严冬尽的左臂中了一箭,很快褐途马的前右腿上被蛮夷的一个刀斧手一刀砍中。褐途马吃疼,但这战马并没有撩蹄子,将自己的主子掀翻下马,而是低头张嘴,一嘴咬在了这刀斧手的脸上。
严冬尽双脚死死地踩在马蹬上,身体离开马鞍,探身一刀,将被褐途咬住面部的蛮夷刀斧手的人头砍落。
嘴中尽是人血,前右腿已经受伤的褐途马长嘶一声,继续往前飞奔。
人在厮杀,马在撕咬,生死场就是这么一副场景。
“严冬尽,严冬尽在这里!”
有蛮夷的将官坐在马上,与严冬尽隔着近两百多米的距离,指着严冬尽大声吼叫。随着这位的吼叫声而来的,是一阵密集的箭雨,为了杀死严冬尽,蛮夷的弓箭手已经顾不上会误杀自己人了。

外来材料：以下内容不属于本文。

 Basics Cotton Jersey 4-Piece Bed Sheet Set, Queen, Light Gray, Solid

侍卫在严冬尽的面前中箭落马了十几个,后队的侍卫又冲前十几人,将严冬尽死死地护在身后。
“放箭!”蛮夷的将官再次吼叫着下令。
左肋感觉一疼,将官愕然低头,就见一把匕首从自己的肋下抽出。
“死去吧,疯子!”下手的部落首领小声嘀咕了一声,方才的那阵箭雨之下,辽东军没死几个,他的族人死了一片,王庭的人都他娘的是疯子!
将官张嘴要喊,从斜刺里飞出一支冷箭,射进将官的右太阳穴。
将官的死尸从战马上跌落,至于这只冷箭是谁放的,除了放箭的人,没人清楚。
部落首领松了一口气,但抬头一看,辽东军这会儿离他好像只有百米之遥了,在这首领的认知里,莫氏父子麾下的辽东军就是一帮不要命的疯子,是比他们大汗的王庭兵马还要疯的疯子!

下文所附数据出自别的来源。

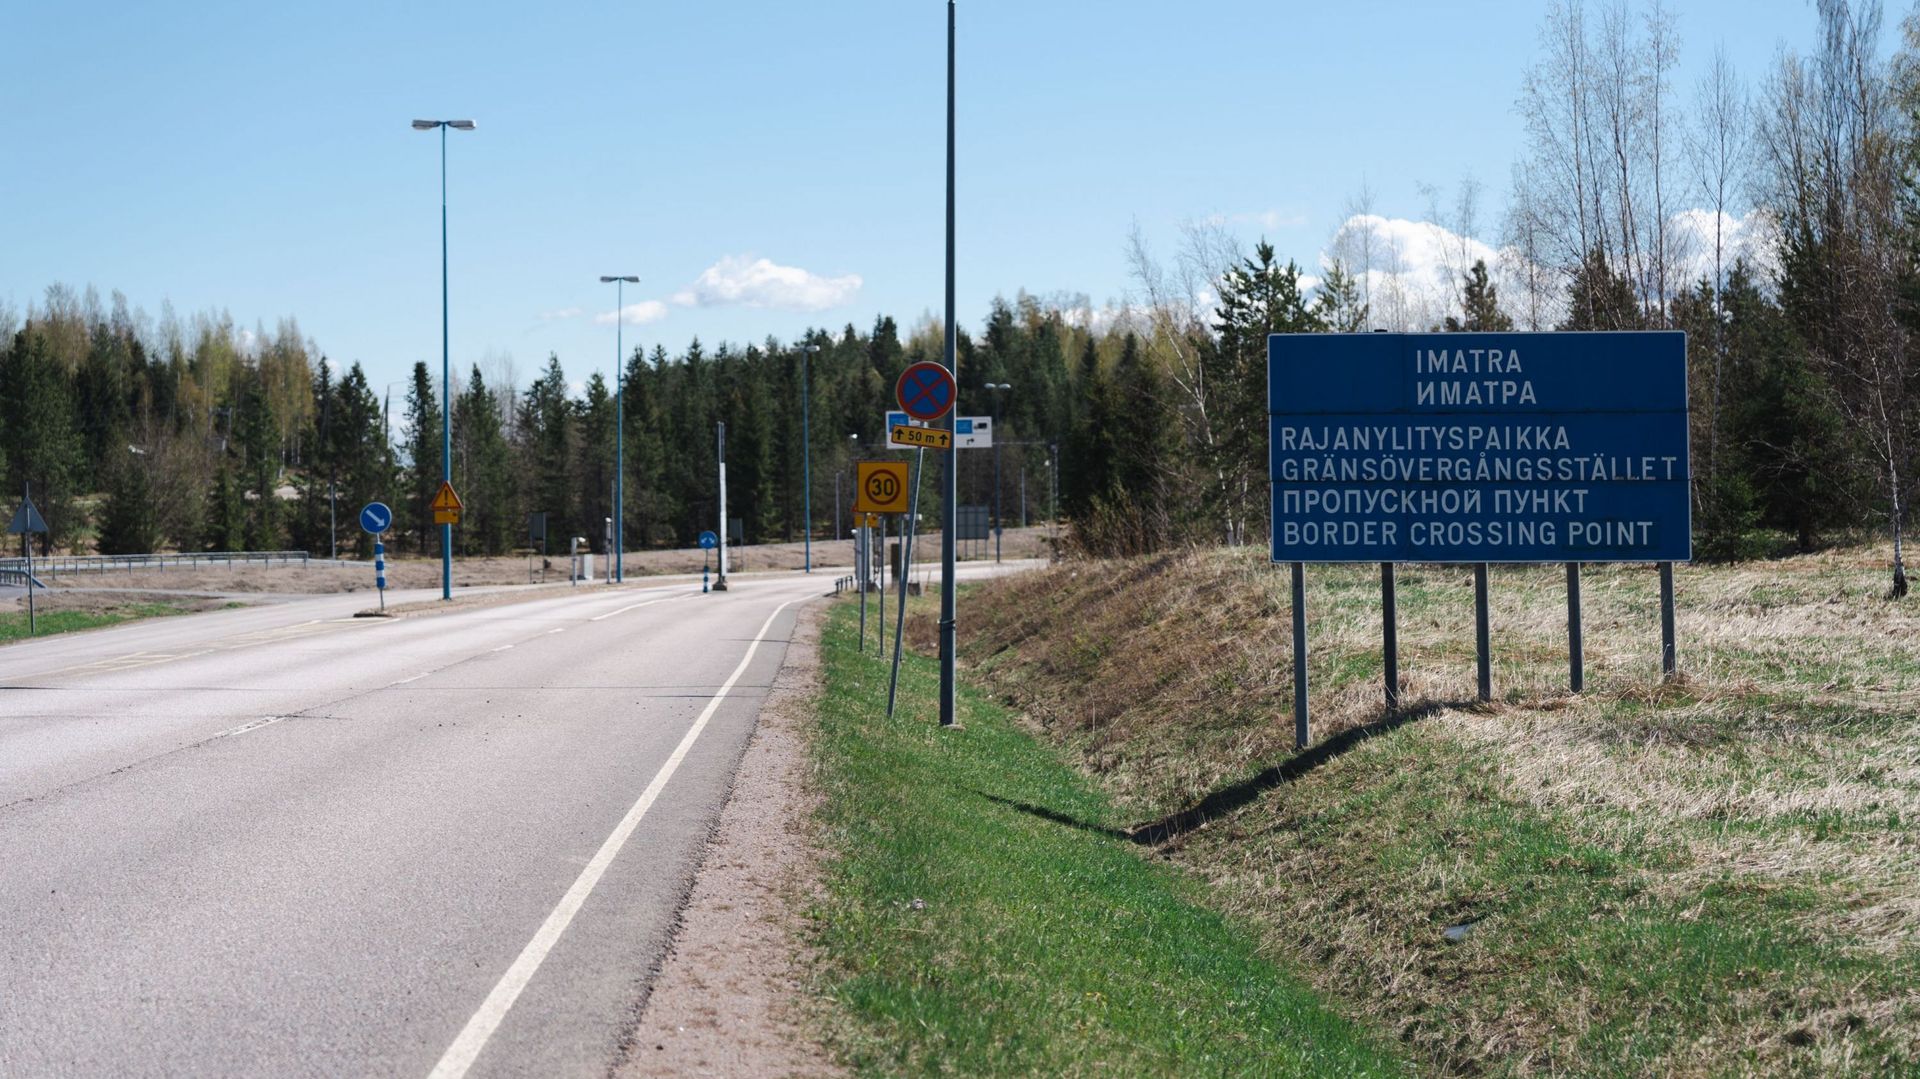 Photo prise à Imatra, à la frontière entre la Finlande et la Russie

不停有兵将死去,可辽东军前行的速度并没有减慢,这帮人不在乎自己的命,不在乎同胞的命,这帮辽东军上了沙场,命就好像成了这世上最不值钱的东西。
顶在前军阵里的这位部落首领心生了退意,他们的大汗中了莫桑青的计,现在辽东军由东南西北四面包抄而来,搞不好,他们的大汗会把命交待在黄沙堡前的这片黄沙地里。我要陪死吗?首领问自己。
“莫桑青,是莫桑青!“联营的左翼,传来蛮夷兵卒惊慌失措的叫喊声。
“壮山首领死了!”不远处,有兵卒在大喊。
不断有辽东军死去,同样的,也不断的有大漠勇士死去。
两军交战之前,王庭精锐是处于赶路的状态下,分了前中后三部,若从空中俯看,这支王庭精锐呈一字型,被辽东军毫不畏死,前赴后继地这一冲,这个一字型就弯出了许多的弯角,形如一条蠕动挣扎中的长蛇。
辽东军冲锋初始就分成了三股,如三叉戟一般,中间一股直插敌阵,左右两股走军阵的外沿,这样兵力虽然分散,但就是这左右两股的辽东军压制了王庭精锐变阵的企图,王庭精锐无法通过变阵来空出位置,那么中军和后军就无法上前应战,汗王兵力上的优势也就无从谈起了。
在后军压阵的主将,是铁木塔的大王子,也就是那位则余夫人的儿子多敏王子,眼前着自己无法带兵前压,多敏王子额头急出了豆大的汗珠。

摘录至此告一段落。